# Goats and watermelon



## Lairvine (Feb 27, 2005)

Do goats eat watermelon? Is it ok to give to them?
thanks
Lee Ann


----------



## goatmarm (Nov 19, 2005)

---


----------



## Lairvine (Feb 27, 2005)

OK thank you


----------



## Patty0315 (Feb 1, 2004)

I chop nothing up and they still eat it. Any produce from the garden except onions and peppers they eat.

Patty


----------



## GoatLove (Jun 19, 2006)

Mine love cataloupe from the garden-they eat the WHOLE thing!


----------



## lijj (Jul 7, 2005)

We have an apple tree who's apples get full of bugs and rotten and stuff, and the goats eat them.

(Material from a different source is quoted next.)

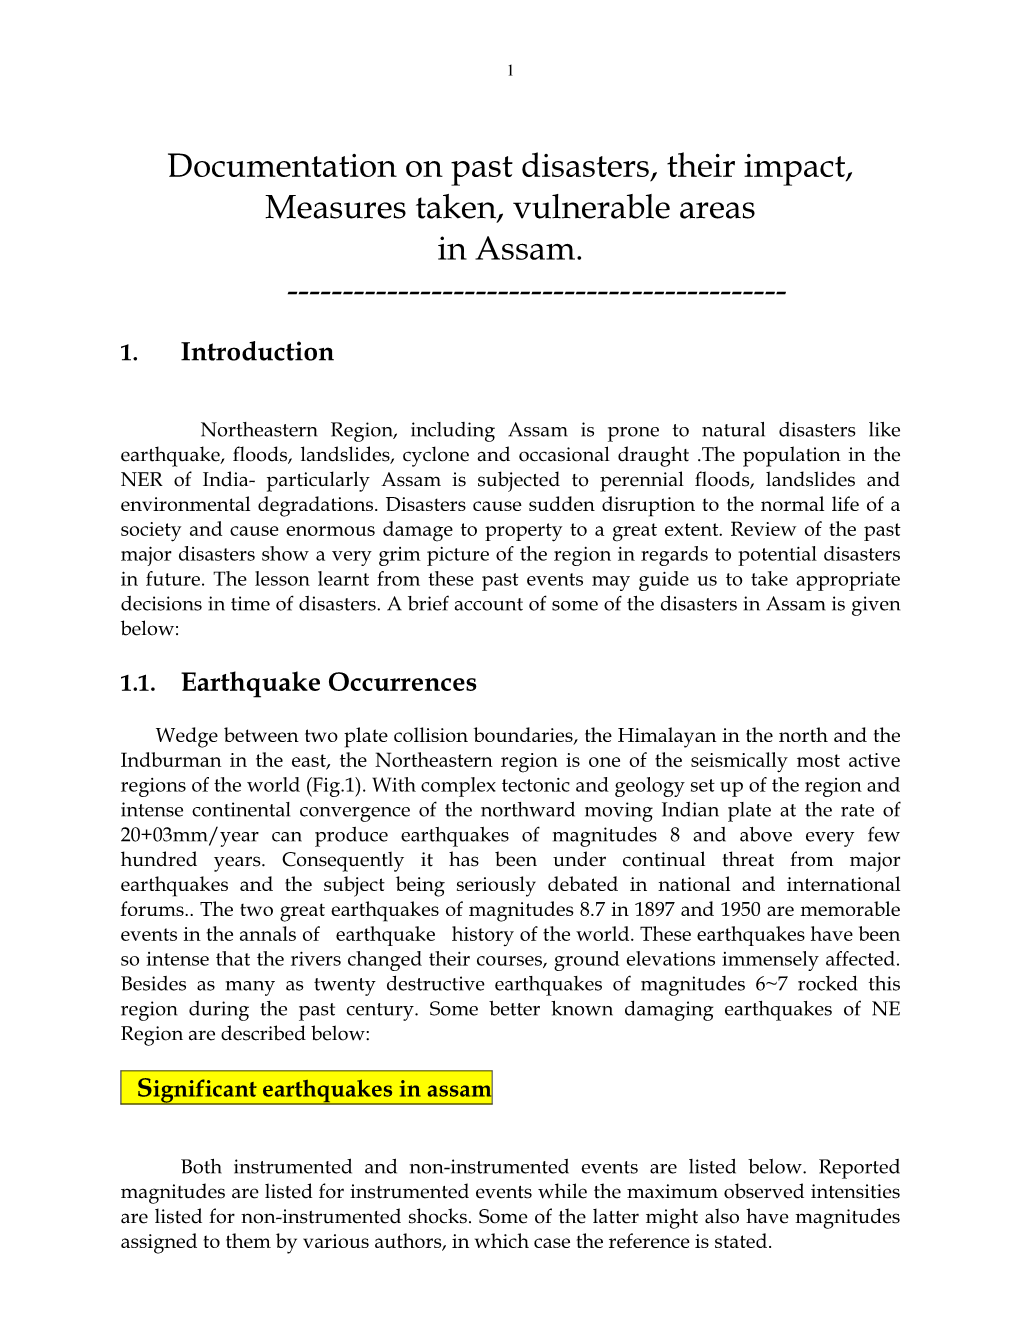 Documentation on Past Disasters.Pdf

The apples are on the ground, and if the apple is too big, the goat takes off a piece with its bottom teeth. A few times Annie has choked on an apple.... not pretty, but if she would chew it better she wouldn't have that problem.


----------



## Alice In TX/MO (May 10, 2002)

Our little dwarf goats love watermelon!


----------



## AllWolf (Dec 27, 2005)

My goats will not even touch watermelon but if you show them a lollipop they love it. Gave them peanut butter crackers and you better watch out they run clear over top of you for them. They also love ceral to eat..


----------